■ EXERCISE BRIEF ■
In the entries that follow, repeat exactly the lines from the one that has "X-23 #1 BY CHOI POSTER" through the one that has "Triangular table bases.", but omit pictures.

[Opening ENTRIES SHOWN section]

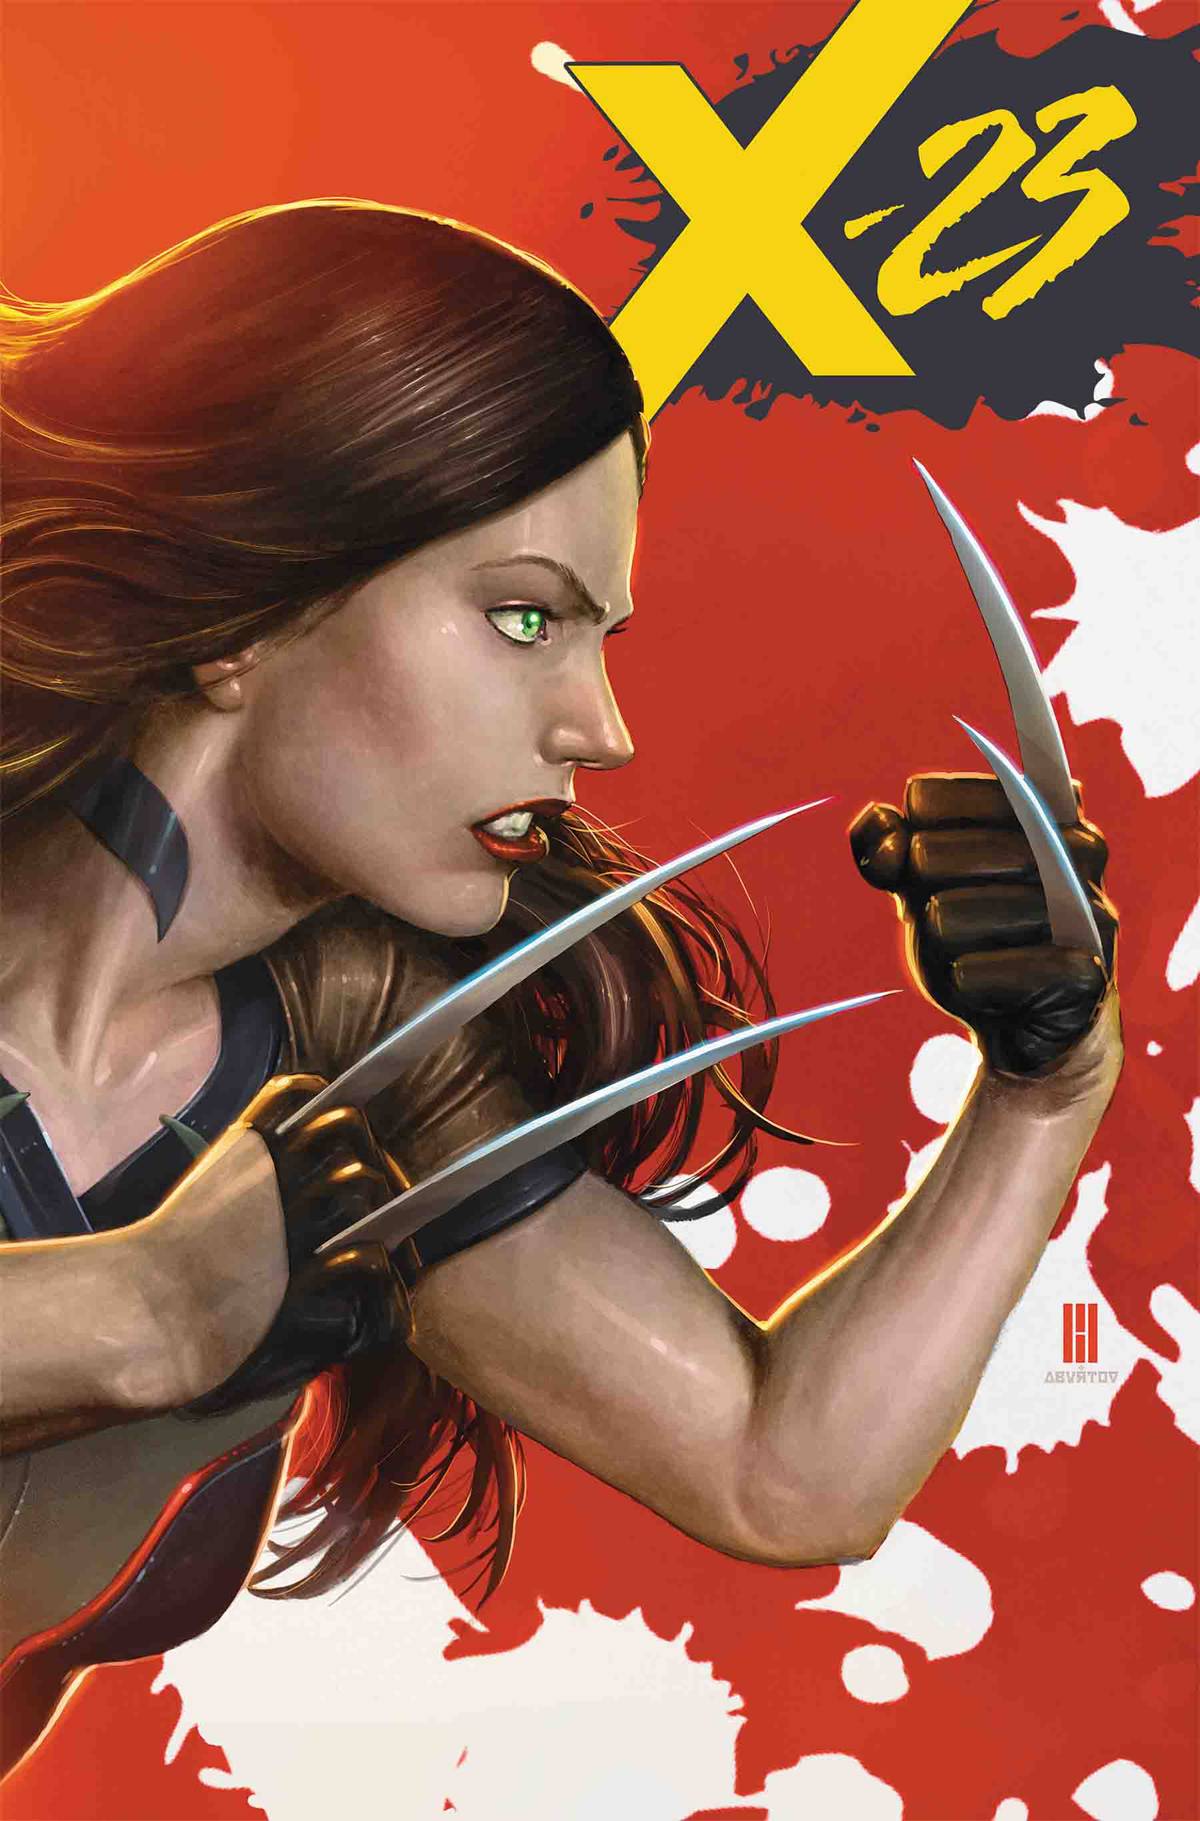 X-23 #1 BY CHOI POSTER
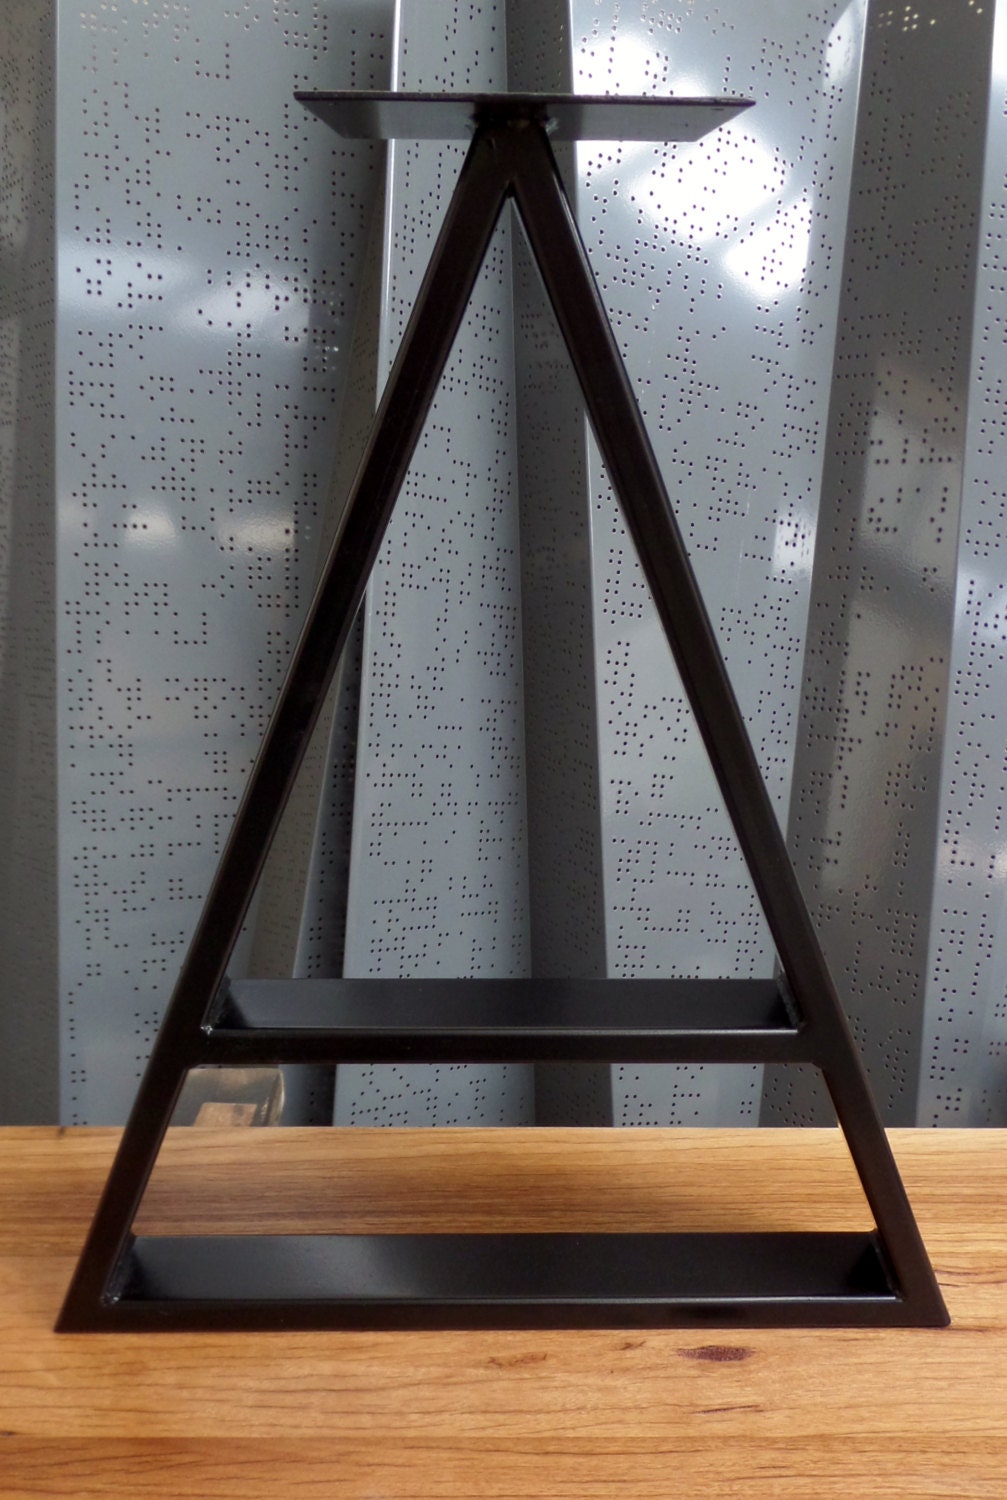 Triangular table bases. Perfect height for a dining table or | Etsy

[Closing ENTRIES SHOWN section]
[Opening ENTRIES SHOWN section]

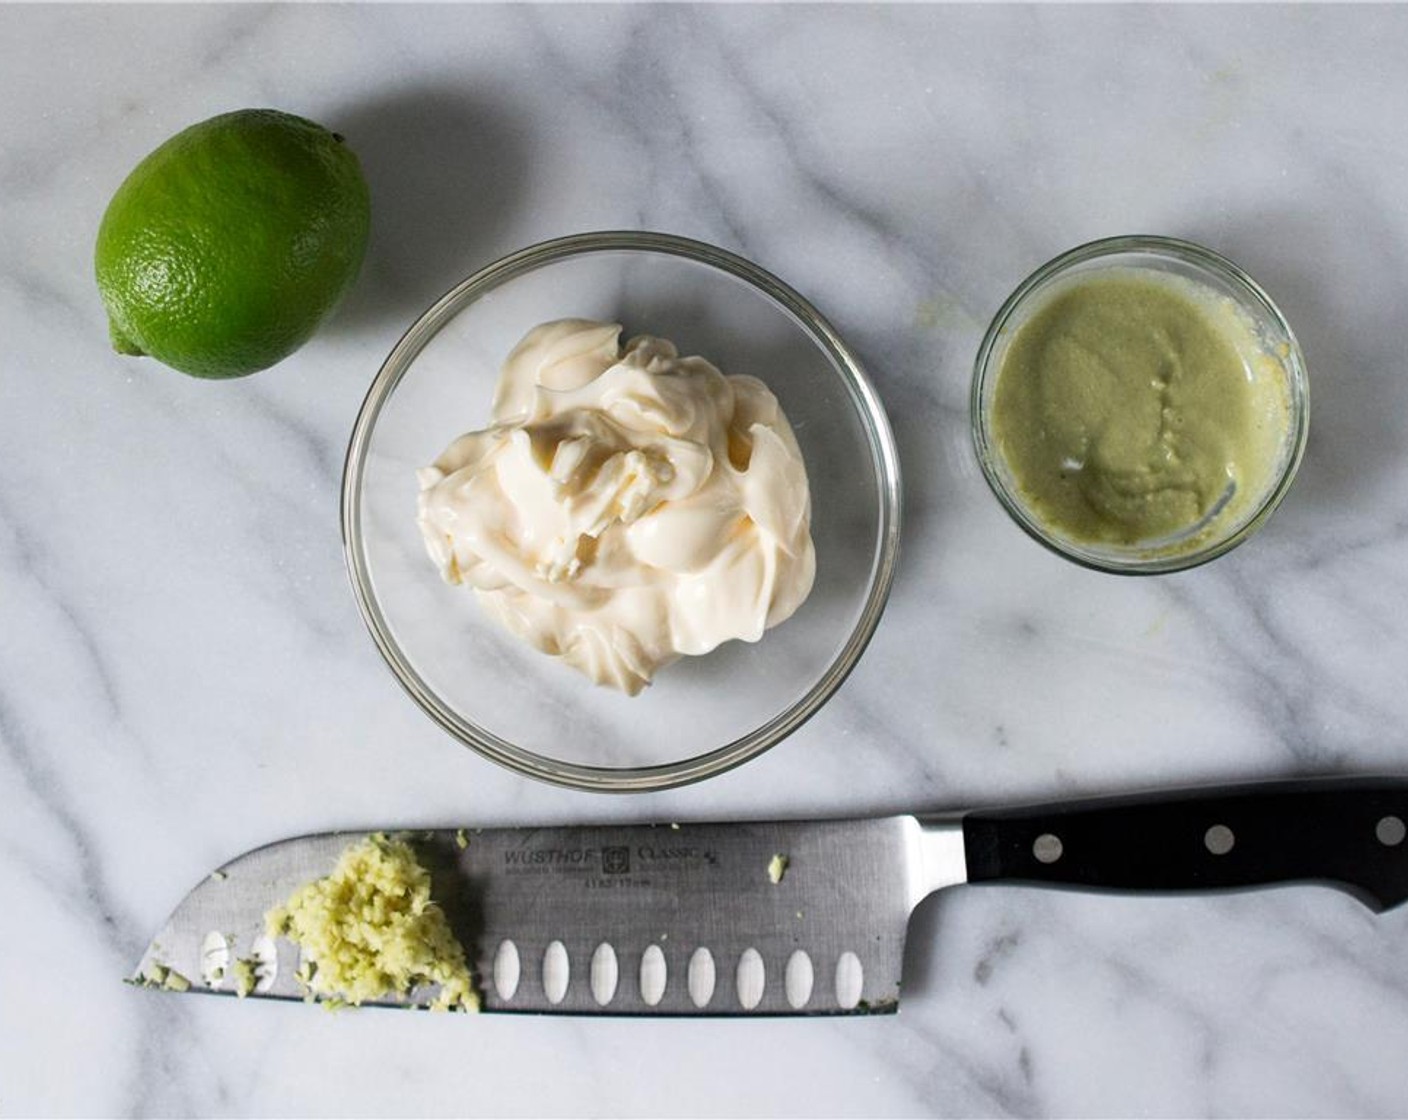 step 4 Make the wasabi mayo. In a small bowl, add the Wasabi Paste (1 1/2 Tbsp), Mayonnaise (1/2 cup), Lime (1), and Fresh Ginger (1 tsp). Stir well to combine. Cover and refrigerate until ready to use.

[Closing ENTRIES SHOWN section]
[Opening ENTRIES SHOWN section]

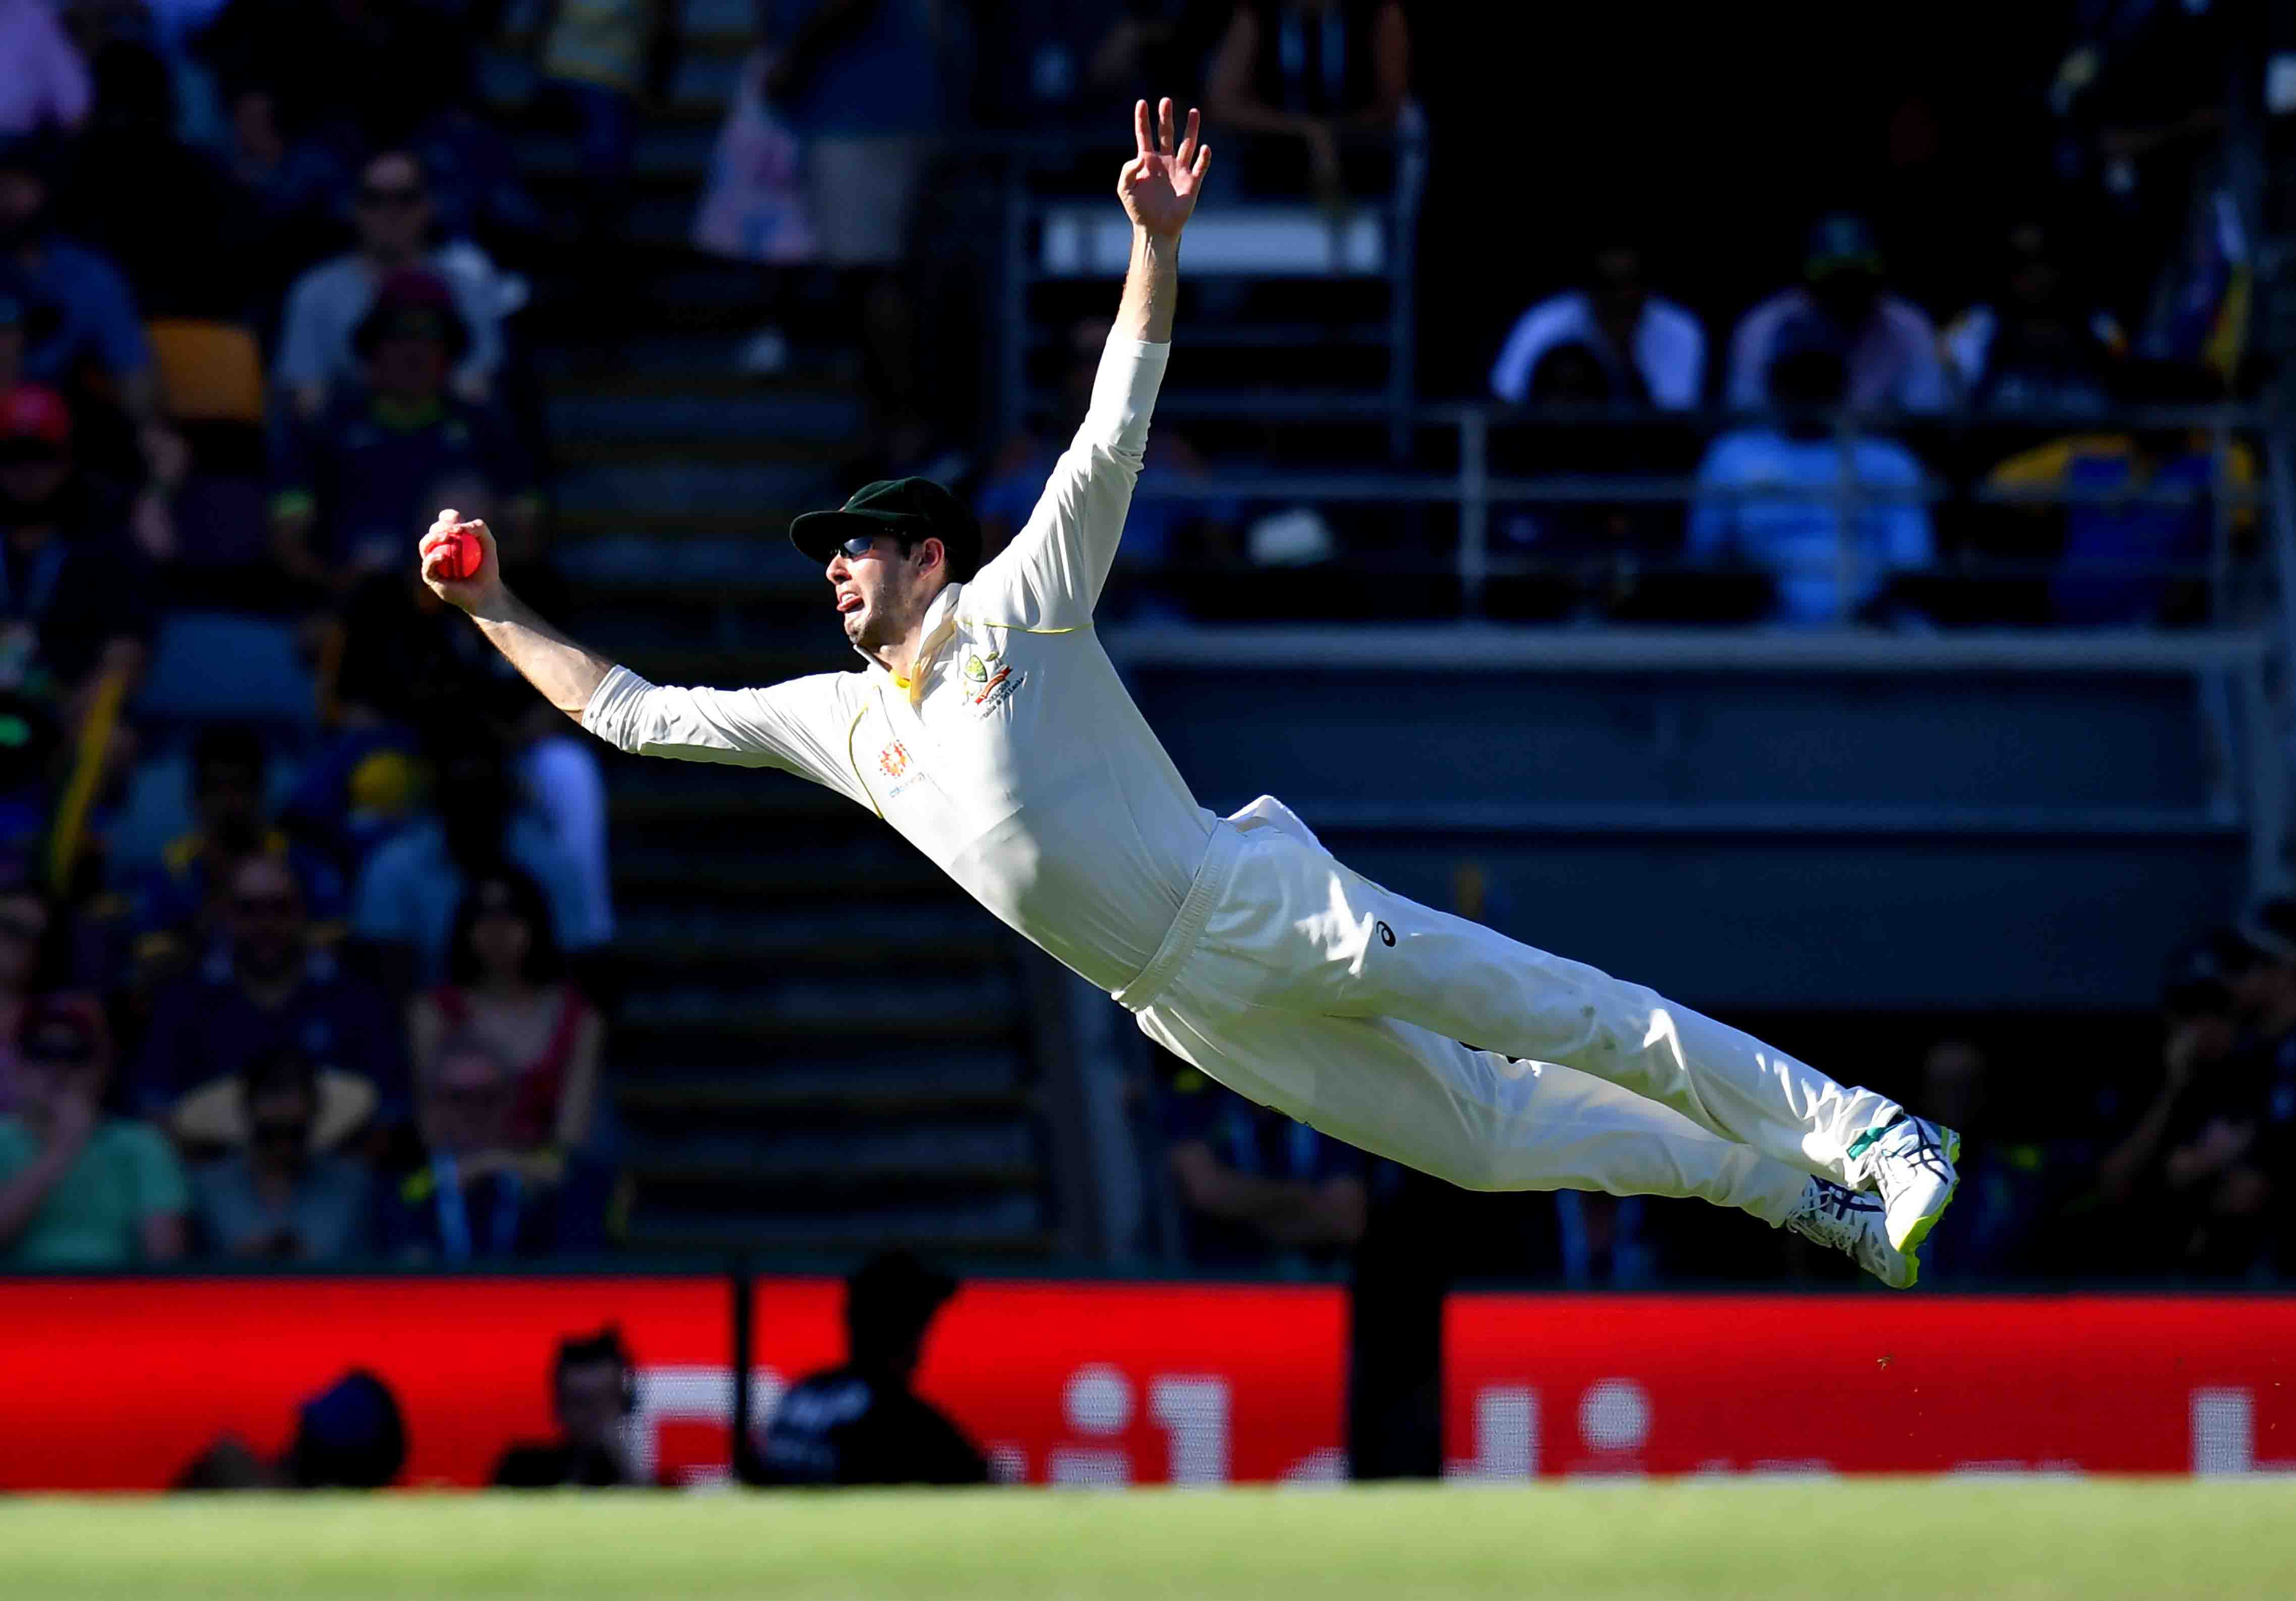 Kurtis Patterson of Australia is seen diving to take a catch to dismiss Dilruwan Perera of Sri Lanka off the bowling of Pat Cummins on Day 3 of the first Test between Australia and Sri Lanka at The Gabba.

[Closing ENTRIES SHOWN section]

■ RESPONSE AREA ■
 X-23 #1 BY CHOI POSTER
 Triangular table bases. Perfect height for a dining table or | Etsy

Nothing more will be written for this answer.